# Match lighting



## JeffH (May 21, 2016)

Please let me know what I'm missing. I've been hanging a wooden kitchen match, and hitting the tip of the match, but no light. Is it because I need to barely skim the match? I need to roughen up my ammo? Or use a different match?

Sent from my SM-J727V using Tapatalk


----------



## Cjw (Nov 1, 2012)

Has to be a strike anywhere match. And you have to hit the tip.

Sent from my iPhone using Tapatalk Pro


----------



## urbanshooter (Aug 23, 2017)

What cjw said... has to be "strike anywhere matches" and not "safety matches"...


----------



## MakoPat (Mar 12, 2018)

I am no match lighter...nor has lighter...

I do have this goal...but a few steps left to climb before I'm on fire.


----------



## treefork (Feb 1, 2010)

Good luck trying to find strike anywhere matches . One of the greatest shots is becoming a thing of the past . I still have some but going to hang on to them . They're worth their weight in gold now . Even with suitable matches it is a challenge . That is what makes it great .


----------



## AKA Forgotten (Jan 26, 2019)

Got lucky with strike anywhere matches on ebay. Have tested them and seem to work anywhere except when I'm shooting at them


----------



## Eldon 77 (Aug 20, 2018)

AKA Forgotten said:


> Got lucky with strike anywhere matches on ebay. Have tested them and seem to work anywhere except when I'm shooting at them


Probably a month straight before I got my first one. Like treefork says focus.

Sent from my iPhone using Tapatalk


----------



## skropi (Mar 22, 2018)

It's quite easy to make your own strike anywhere matches, and they actually turn out better than bought ones


----------



## AKA Forgotten (Jan 26, 2019)

Very true, I'm enjoying the ride like with the card cut. Plenty of hits on matches and cards, but not quite there yet. Good job I got a dozen boxes of matches lol


----------



## Bill Hays (Aug 9, 2010)

JeffH said:


> Please let me know what I'm missing. I've been hanging a wooden kitchen match, and hitting the tip of the match, but no light. Is it because I need to barely skim the match? I need to roughen up my ammo? Or use a different match?
> 
> Sent from my SM-J727V using Tapatalk


First you need to use strike anywhere matches... not strike on box matches. If you can strike the match on a rough surface, like rusty metal for example, then you're good to go.

Next, understand that the match will light only if you can barely skim it on the very tip, OR if you can hit it where the lighter colored tip and darker colored part of the tip touch... You have to kind of crush the lighter color into the darker color.... to do this you will want the match head to be aiming in your direction, but off by about 45 degrees up or down, so that you can see where the lighter colored tip and darker color come together.
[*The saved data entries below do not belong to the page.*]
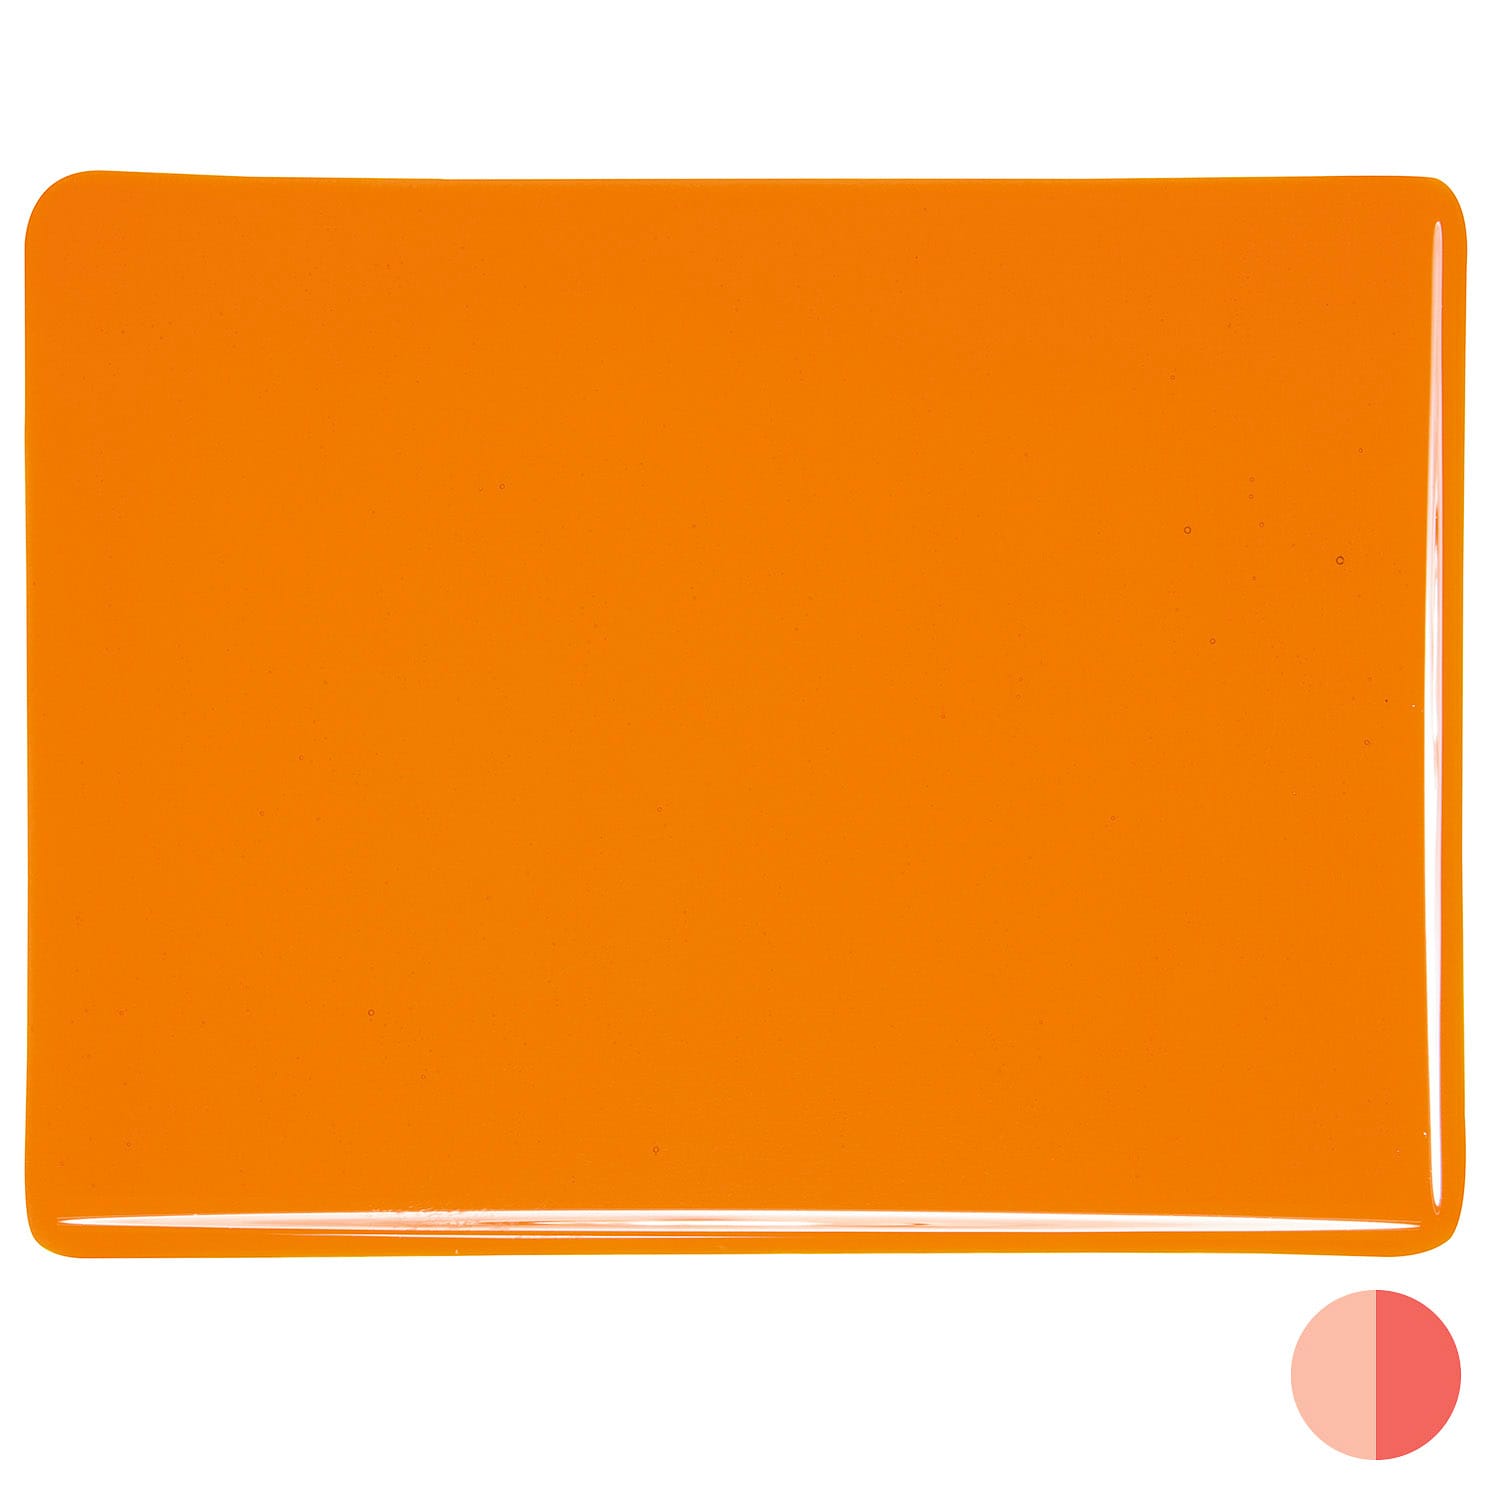 Bullseye COE90 Fusing Glass 001025 Light Orange Handy Sheet
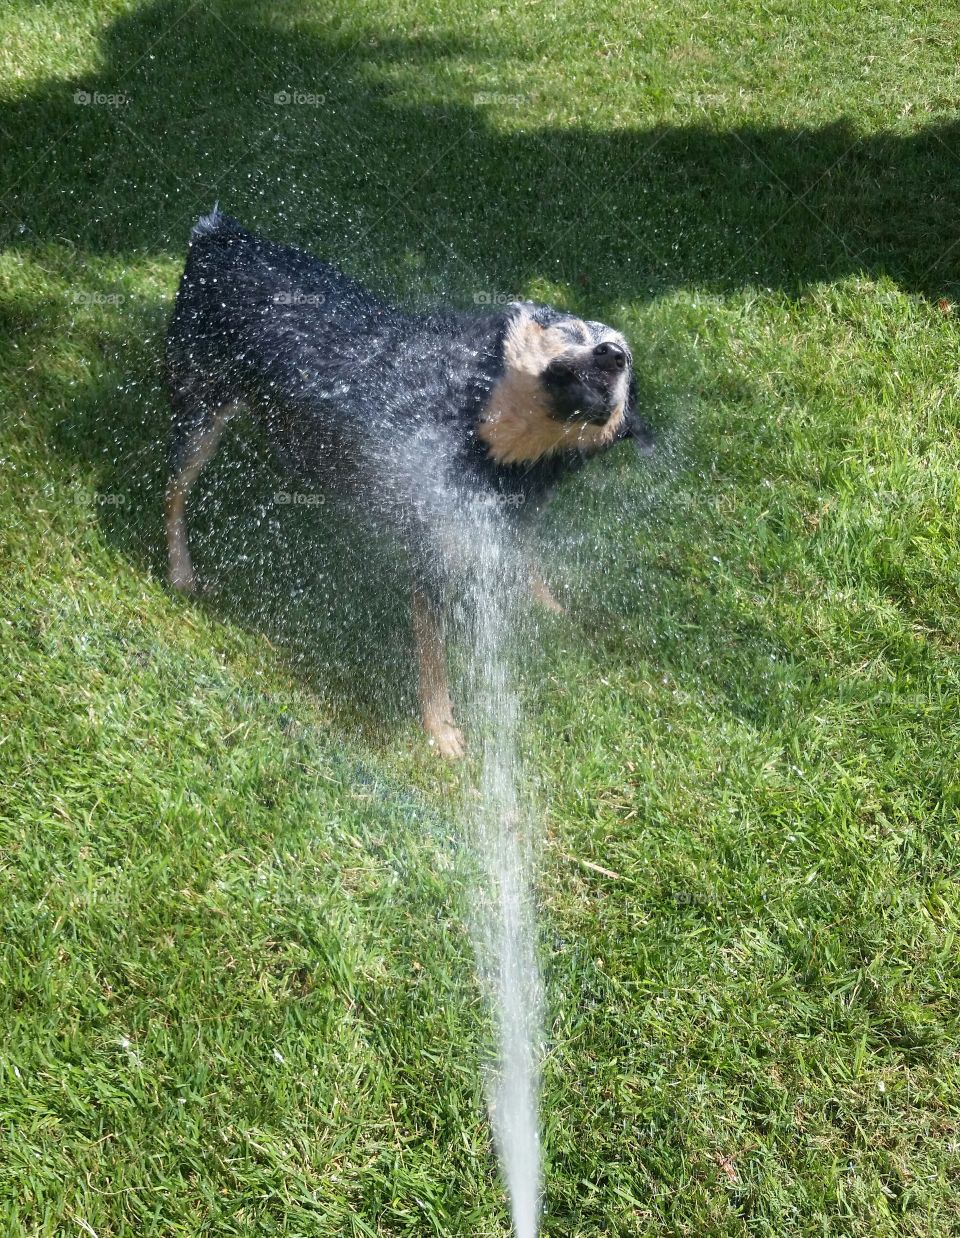 Water spraying on dog at grassy field
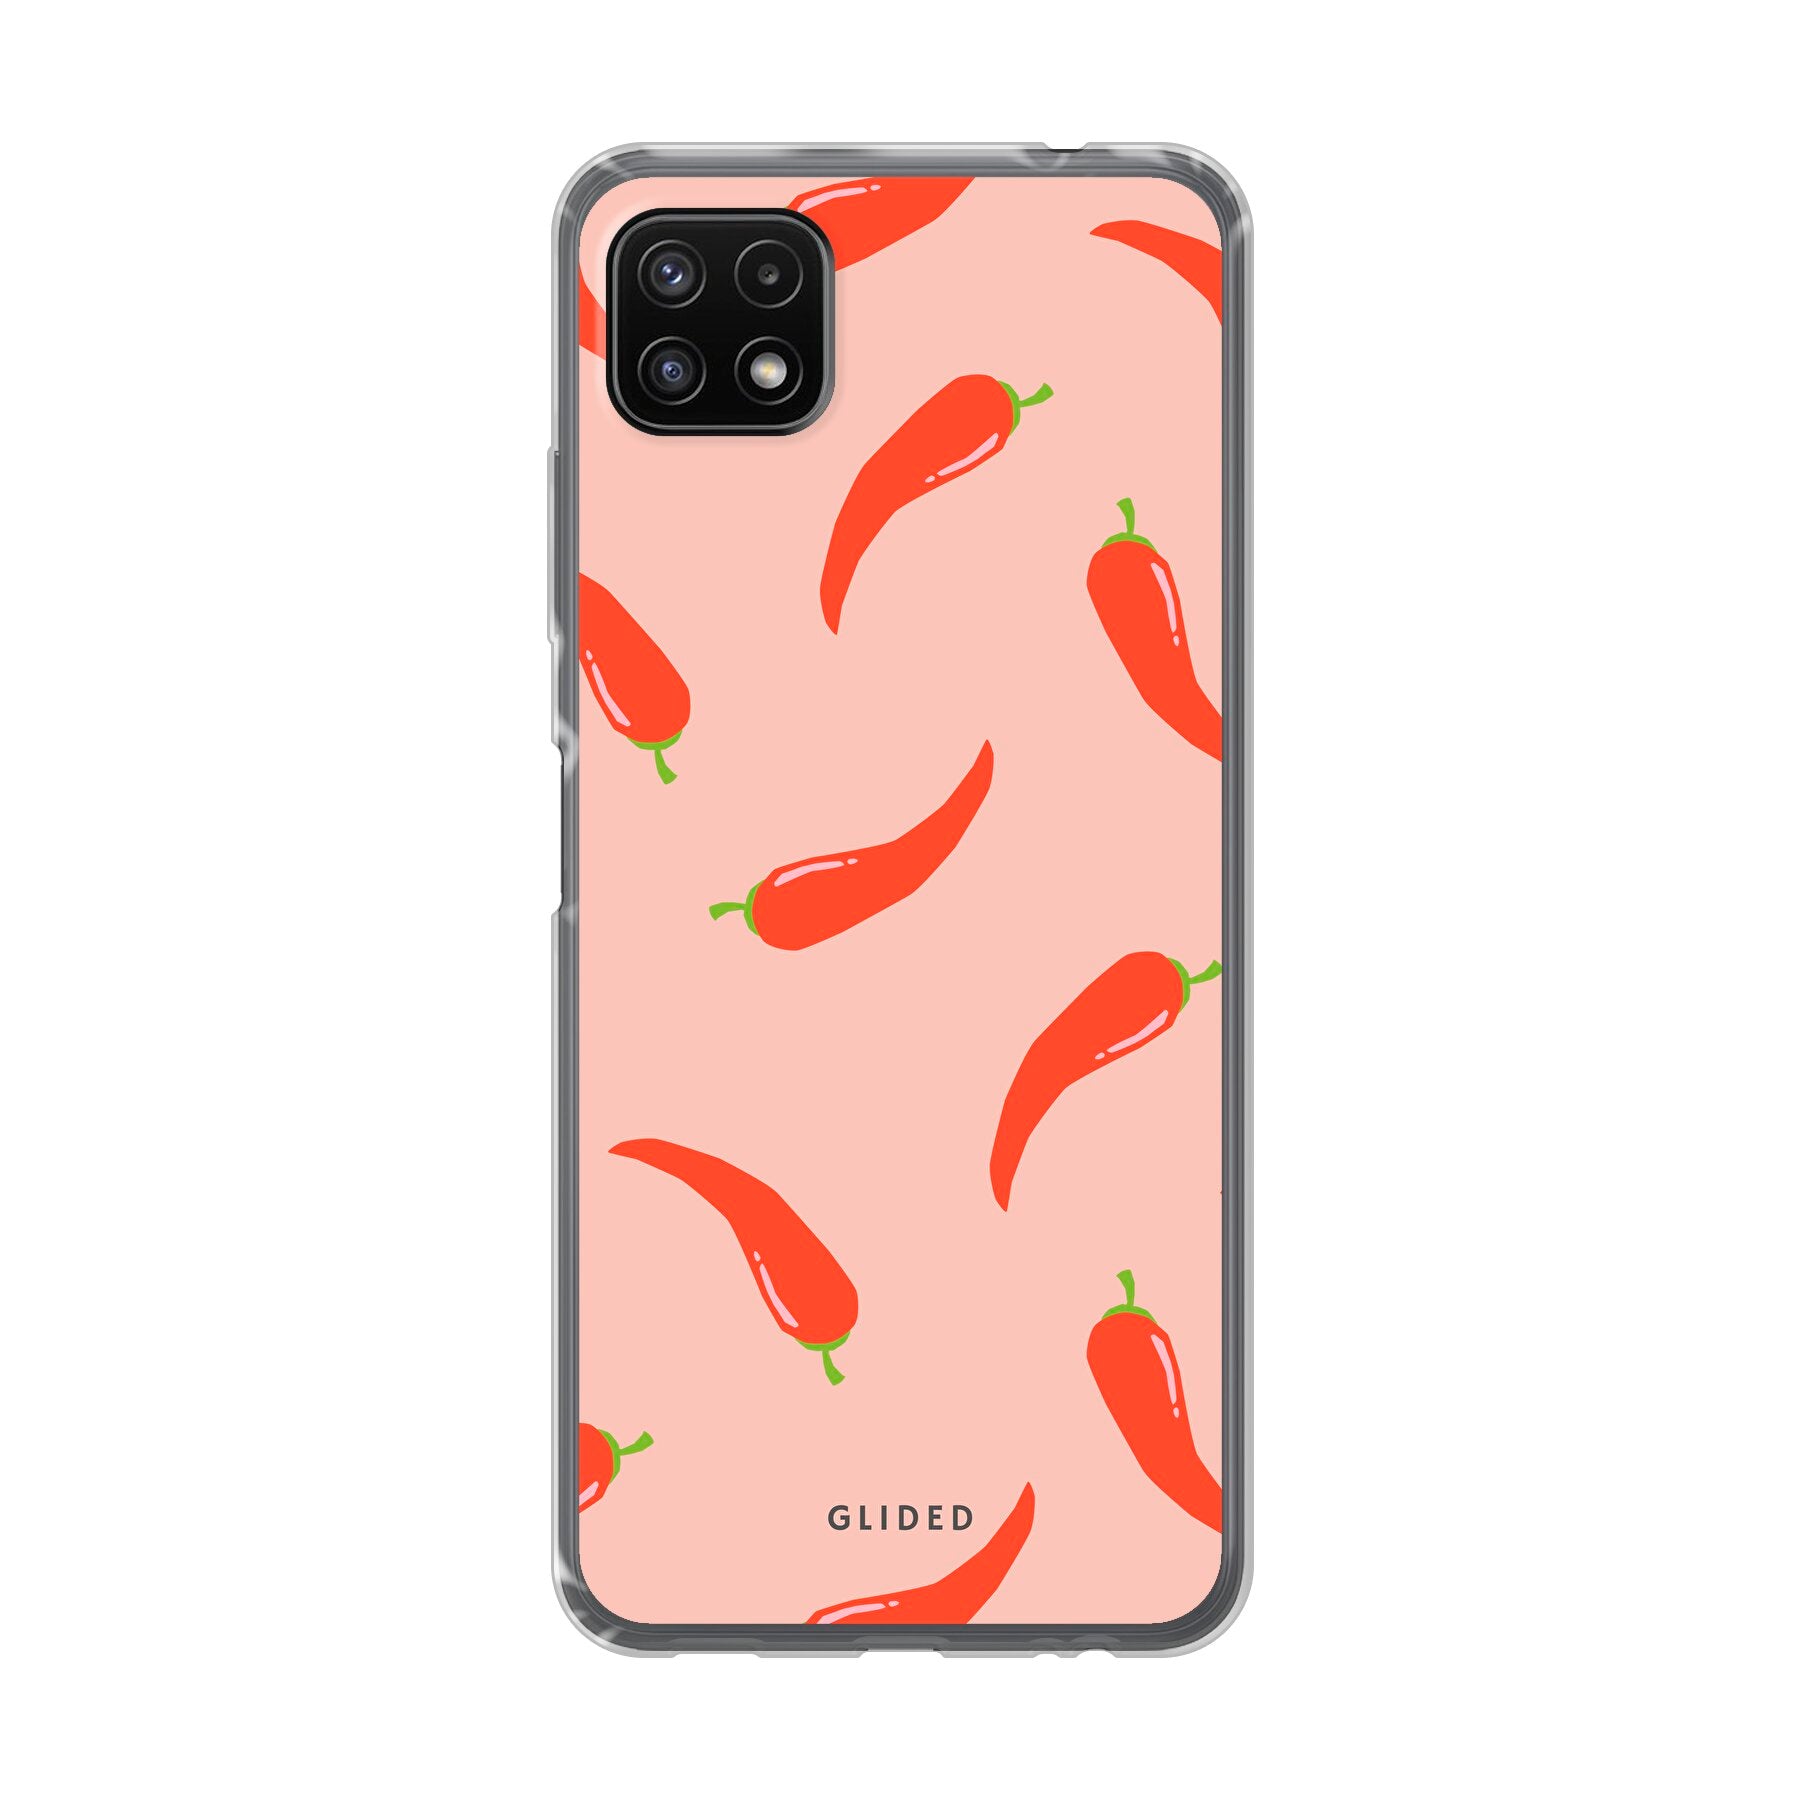 Spicy Chili - Samsung Galaxy A22 5G - Soft case
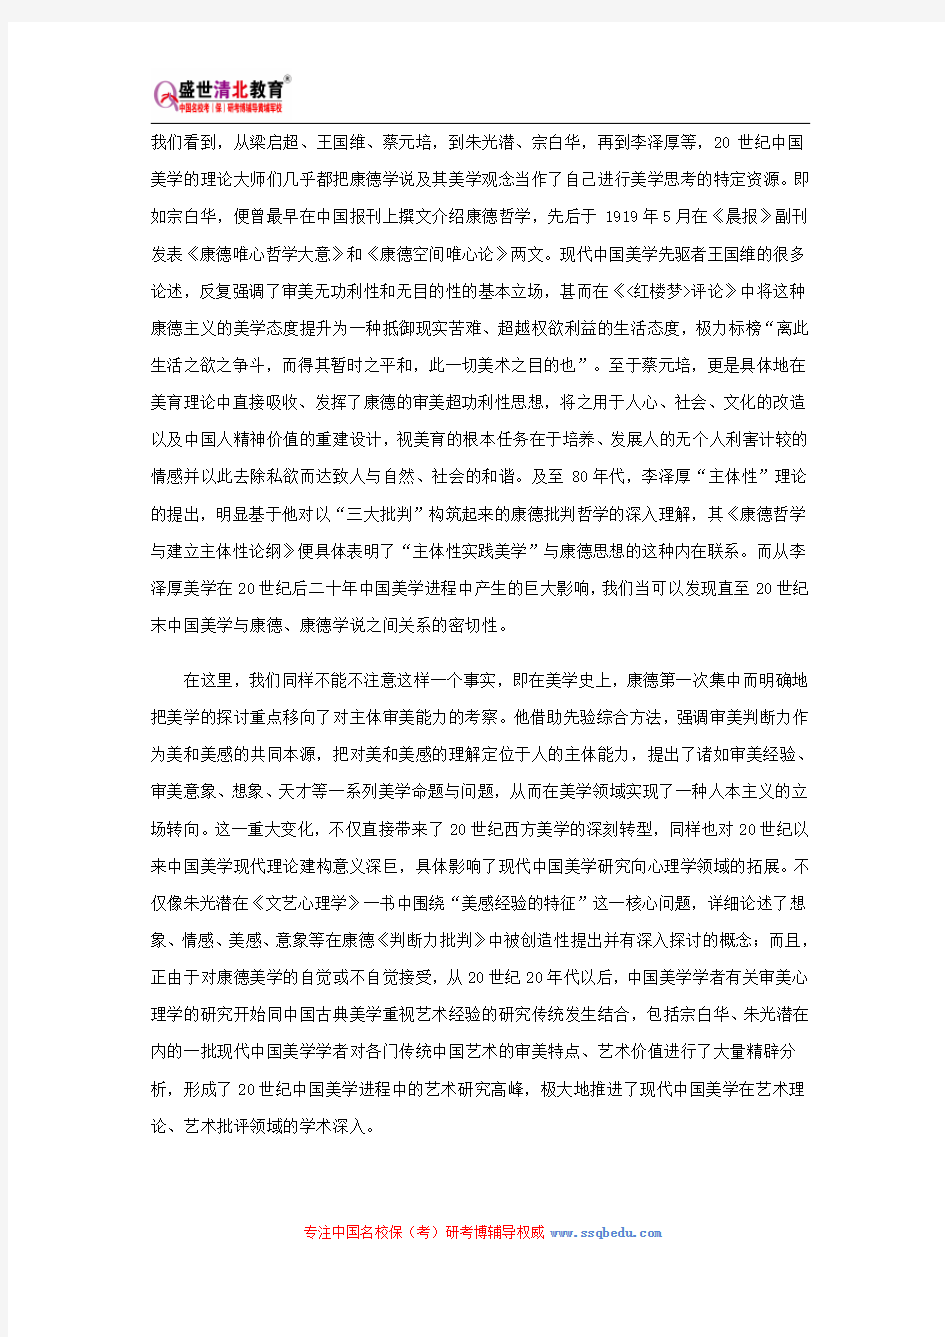 北京大学633中国美学(含中国哲学)考研参考书、历年真题、复试分数线

Hanging the match with a bit of tubing on wire is a good way to get the right angle of attack, but a lot of other ways work too.

Your ammo, it doesn't matter if it's perfectly smooth or rough... at the speed and the amount of area the match tip is hit, there's not a real scraping action going on, more of a crush.

I've found that if you can shoot at around 190 - 210 fps, with 200 fps being the absolute sweet spot.... you will be a lot more successful than if you're slower or faster.

We used to offer the proper matches on our website... but postal regulations and some people with less than common sense made it impossible to continue.

Brands of matches to use.... make sure they are labeled "strike anywhere" matches... eBay is your friend here

Penley, the best.

UCO, almost as good as Penley, more available, but kind of stink when lit

Diamond, the old red and whites are good, but more than likely you can only find the green tips, which work okay sometimes.

Red Bird. Canadian strike anywhere's... work okay

Making your own strike anywhere matches from strike on box matches.... easy to do, and not really that much of a hassle. The only draw back is you'll only get a limited number from a large box.

First, soak the striker strip on the side of the box with Acetone or nail polish remover...

Second, scrape off the slurry created with a razor blade or knife, and put it in a moisture proof container.

Third, thin the slurry with more Acetone and paint it lightly on the match tips.

Four, dry the matches completely

Five, hang and use!

Water can be used instead of acetone, but it takes a lot longer to dry and results are not as consistent because acetone melts the glue in the striker strip better.

A video from when I was just learning to do it myself;






Of course the only problem is... matches get a little to easy after a while so greater and greater and greater challenges are needed


----------